Privacy-enhanced Sharing Problematic Identity Providers can track logins by default (unless a mixnet is used).
Credential Portability Problematic Self-issued credentials can be ported easily. If there were 3rd party credentials tied to WebID URL, those credentials would not be portable.
Credential Revocation Problematic Revocation is possible, but there is no clear specification for doing so.

WebID+TLS was first presented for the W3C Workshop on the Future of Social Networking in 2009, but has failed to gain any significant traction in the past six years. WebID+TLS is also problematic because 1) it depends on browser client-side certificate handling, which is a bad UI experience, 2) it depends on the KEYGEN HTML element in a non-trivial way, which is currently under discussion to be removed from certain browsers, and 3) it is not well specified how you achieve many of the credential goals and required capabilities listed in the beginning of this post.

Mozilla Persona

Persona was launched in 2011 and shares some of its goals with some similar authentication systems like OpenID or Facebook Connect, but it is different in several important ways: 1) It used email addresses as identifiers, 2) It was more focused on privacy, 3) It was intended to be fully integrated in the browser.

Capability Rating Summary
Extensible Data Model N/A Not a design requirement.
Choice of Syntax N/A Not a design requirement.
Decentralized Vocabularies N/A Not a design requirement.
Web-based PKI Problematic Public keys are discoverable but content is largely hidden.
Choice of Storage Poor Identity provider is tied to login domain.
App Integration N/A There are no credentials to manage.
Privacy-enhanced Sharing Good Logins are privacy-enhancing and not easily trackable.
Credential Portability Poor There are no credentials to port.
Credential Revocation N/A There are no credentials to revoke.

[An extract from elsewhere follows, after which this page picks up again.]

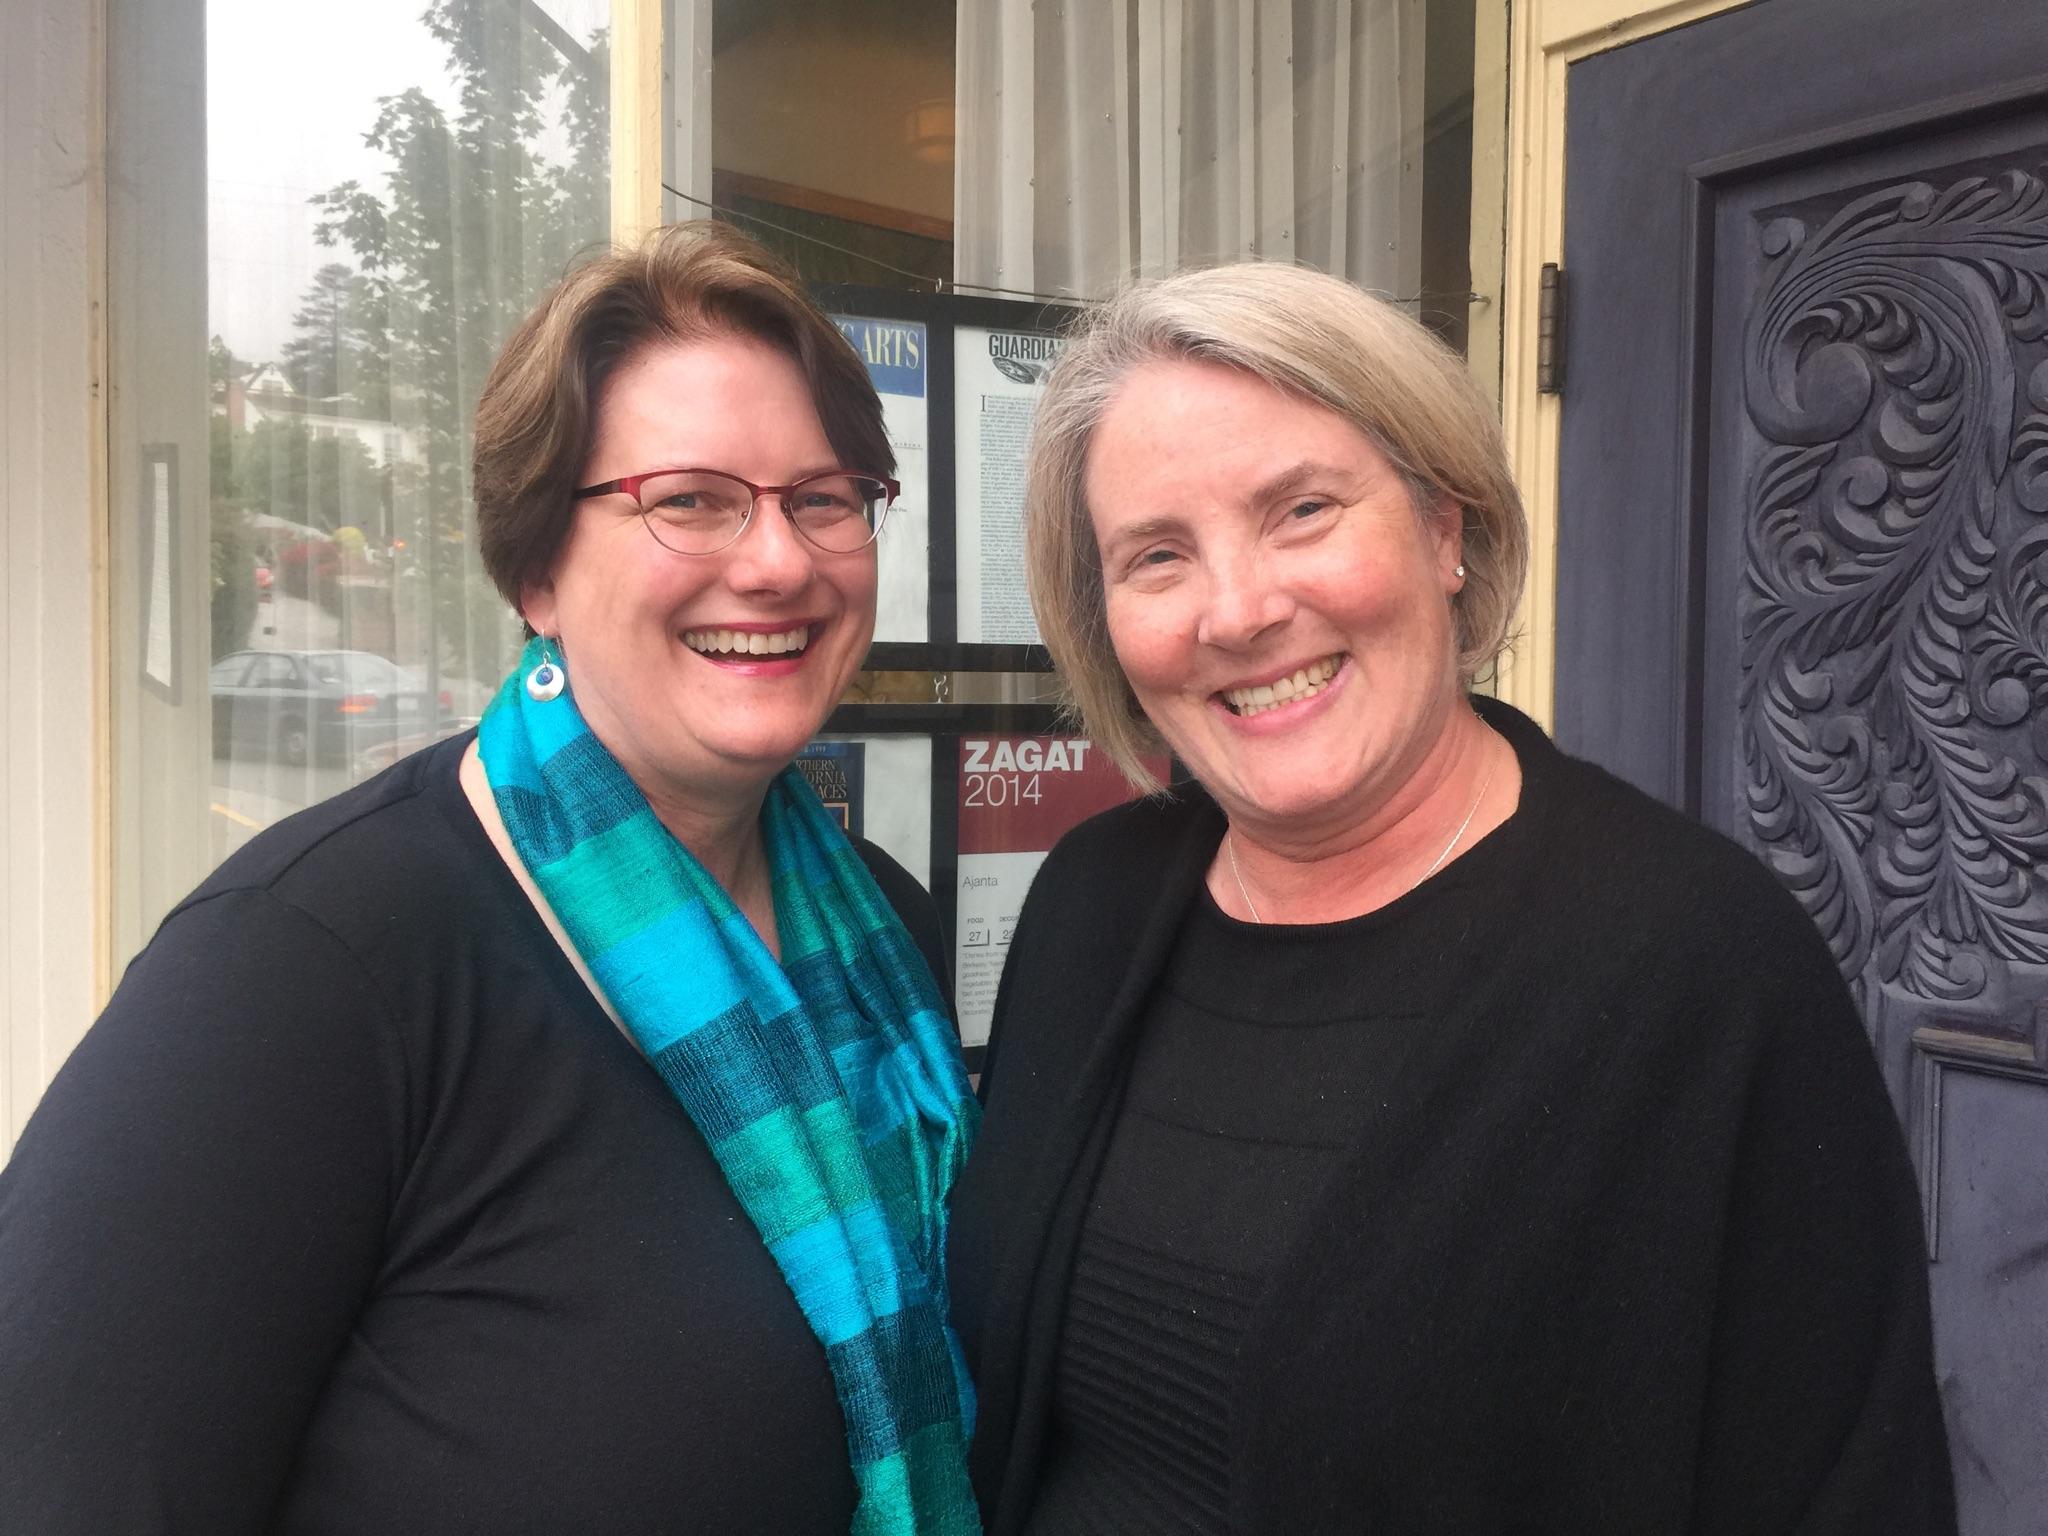 With my dear friend and wonderful colleague, Kara Schleunes.
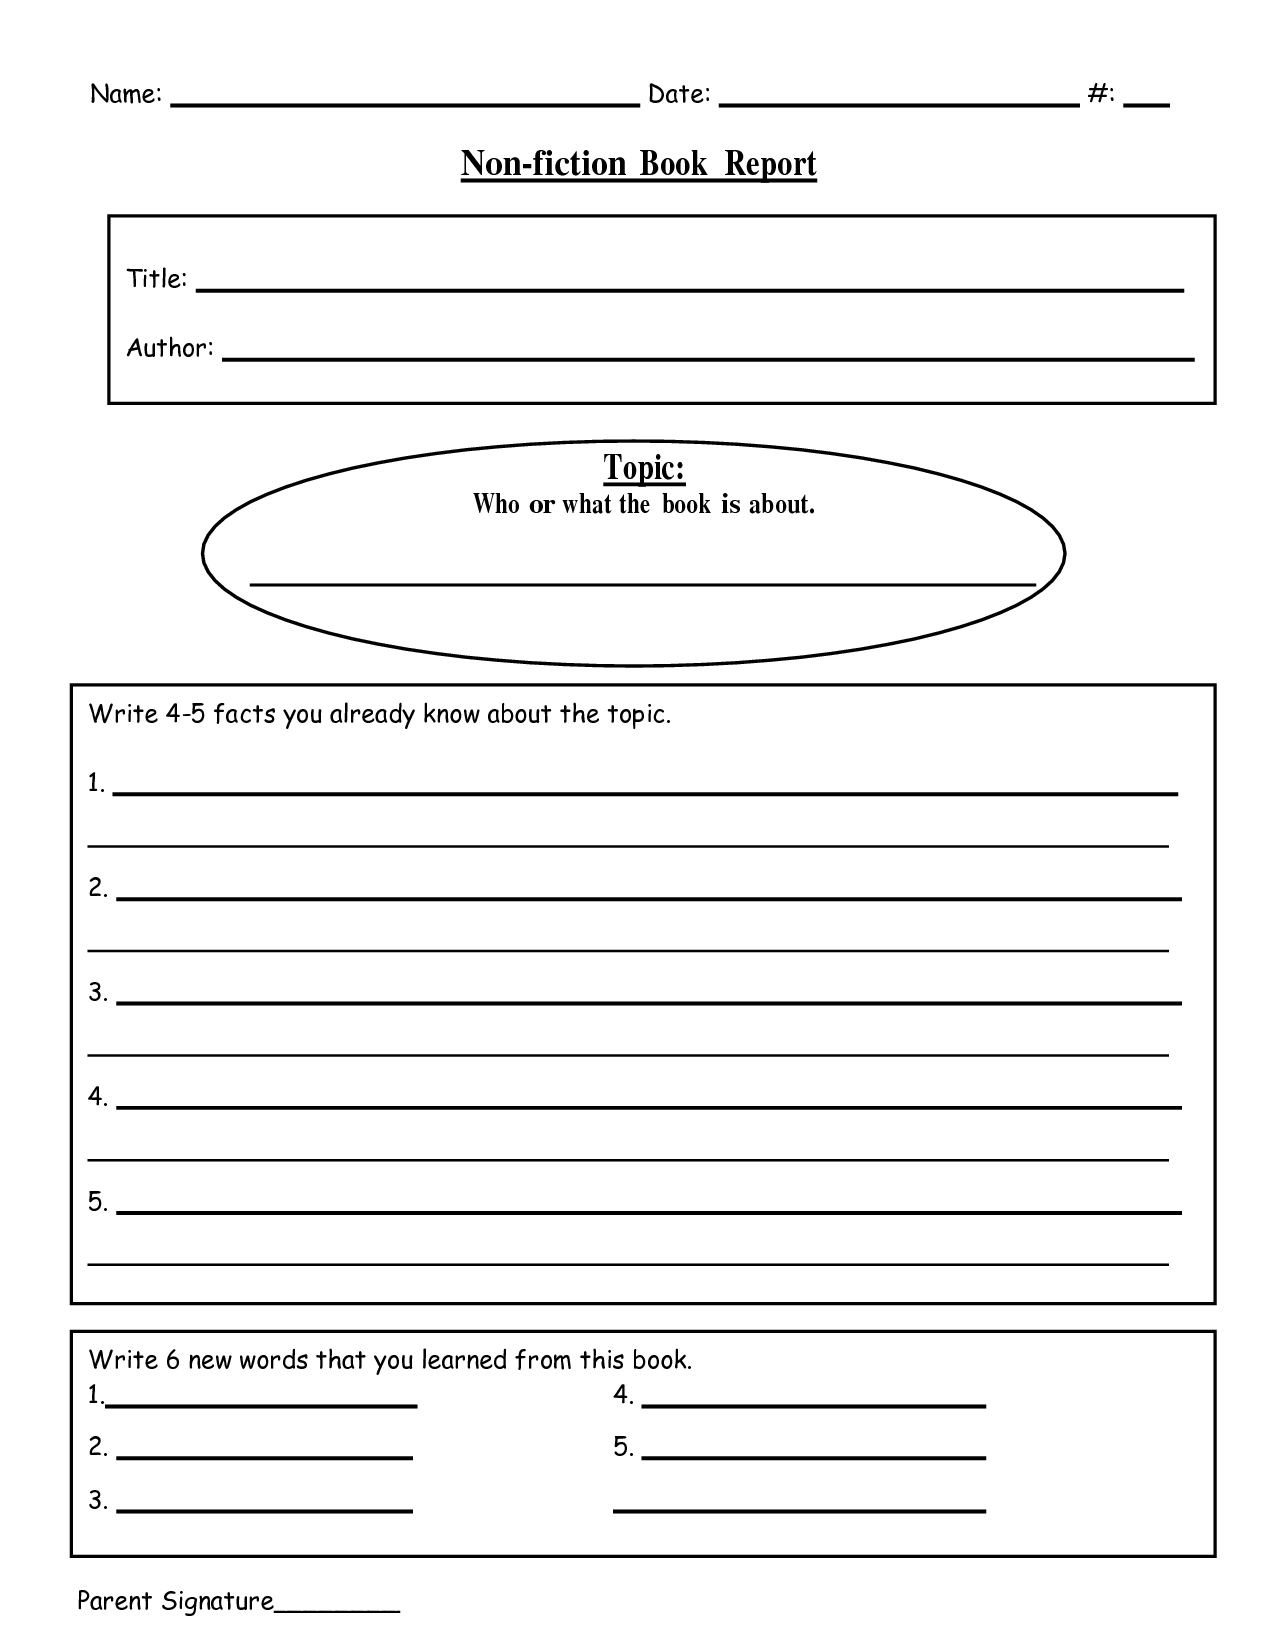 Free Printable Book Report Templates   Non-Fiction Book Report.doc - Free Printable Book Report Forms

Persona is solely an authentication system and was not designed to support arbitrary credentials. Mozilla was hoping for widespread adoption of the protocol, but that did not occur because super providers like Google and Facebook had already developed their own competing login mechanisms. All full-time developers were pulled from the project in 2014.

Omitted Technologies

There are a number of technologies, such as U-Prove, the WebAppSec Login/Credentials API, and Mozilla’s Firefox Account API, that were not included in this analysis because they are still very early in the research and development phases. APIs like Facebook Connect and Login with Google were not included because they are not intended to be open standards.

Conclusion

There are a number of goals and required capabilities that need to be fulfilled in order to create a vibrant credentialing ecosystem. There have been various attempts at addressing subsets of the problems in the ecosystem and those solutions have been met with small successes and varied failures. There still is no widely deployed and adopted way of issuing, storing, managing, and transmitting credentials on the Web today and we do have quite a bit of insight into why the prior attempts at solving the general identity/credentialing problem have failed.

These findings lead to a simple question: Is it time to do something about Credentials on the Web?